In the entries below, find the line containing "AFS Group - Euronext Amsterdam" and the line containing "Administration / Plugins". Copy those two lines and everything between them exactly, without the pictures.

---------- Dataset records

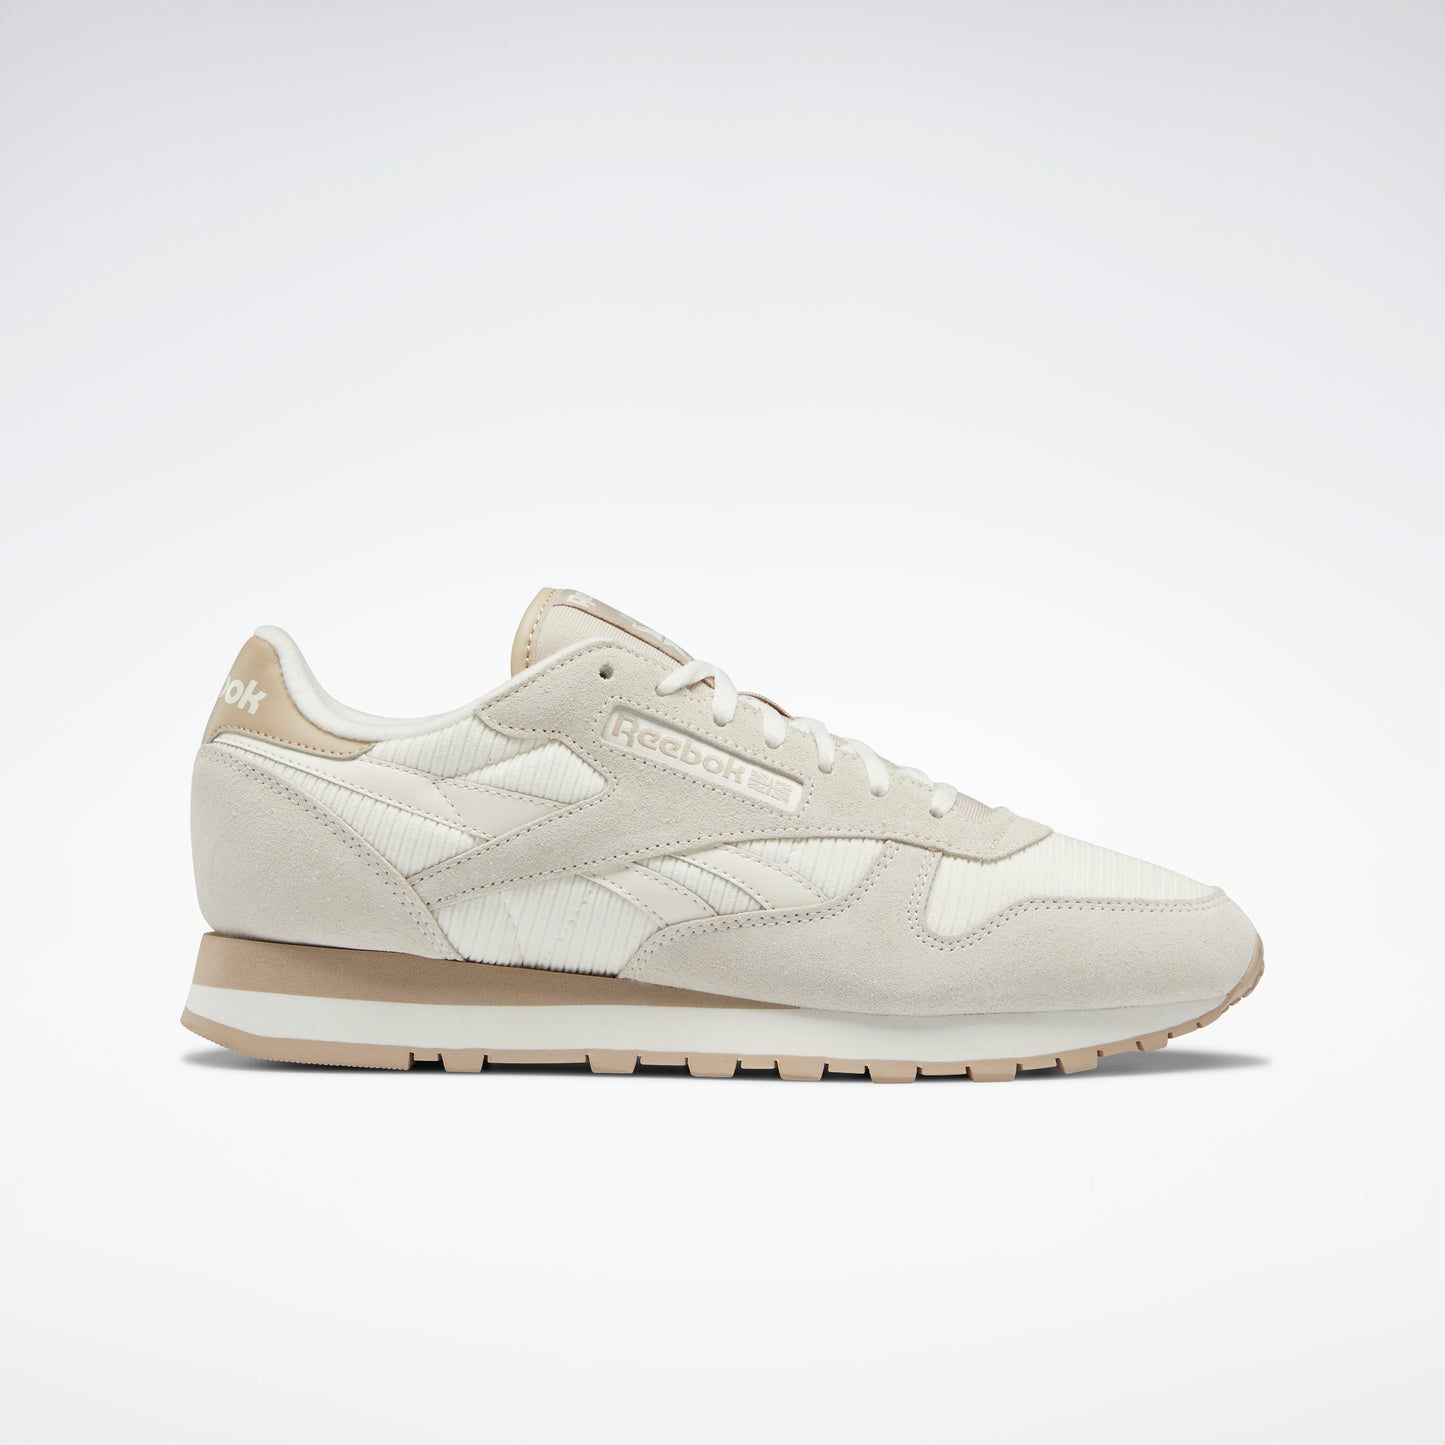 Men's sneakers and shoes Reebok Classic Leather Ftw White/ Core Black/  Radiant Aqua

--------------------
---------- Dataset records

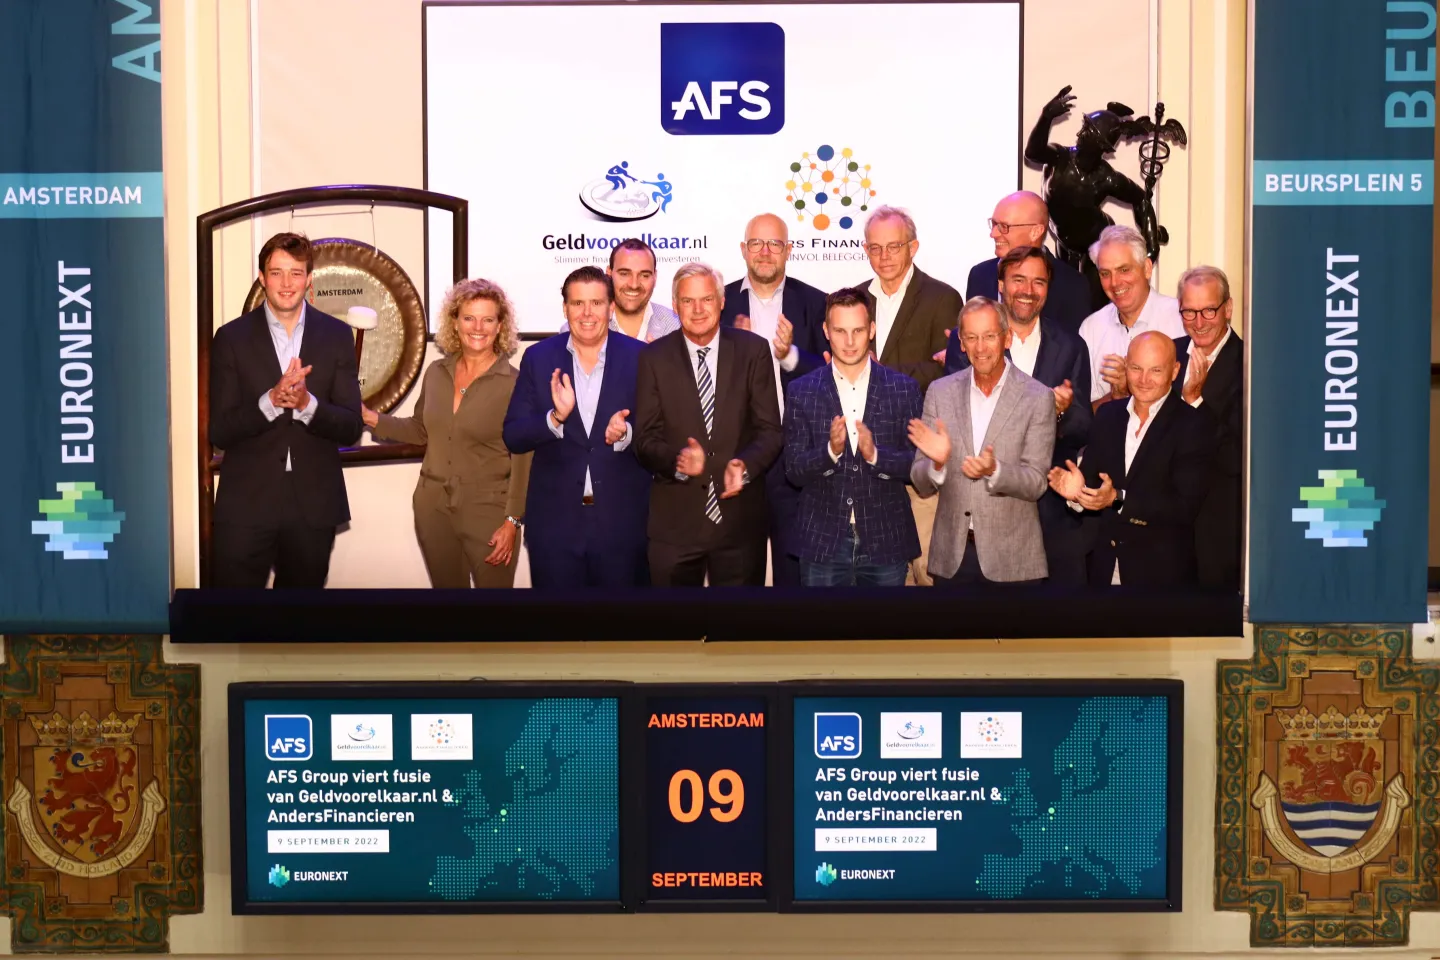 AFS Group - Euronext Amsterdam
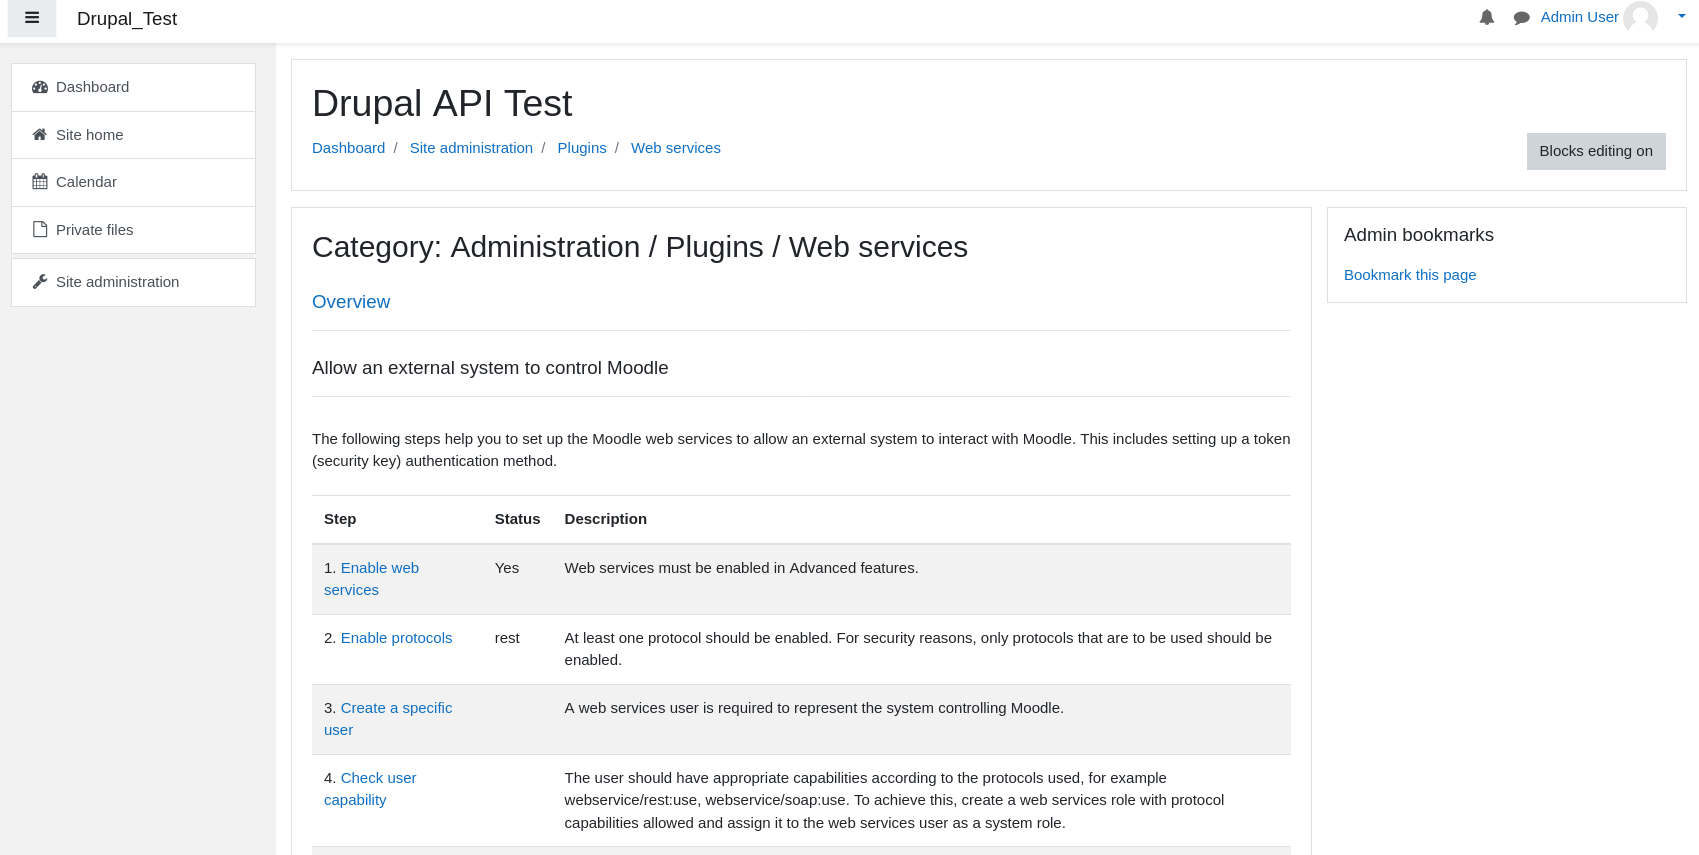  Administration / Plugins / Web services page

--------------------

## Your response
 AFS Group - Euronext Amsterdam
  Administration / Plugins / Web services page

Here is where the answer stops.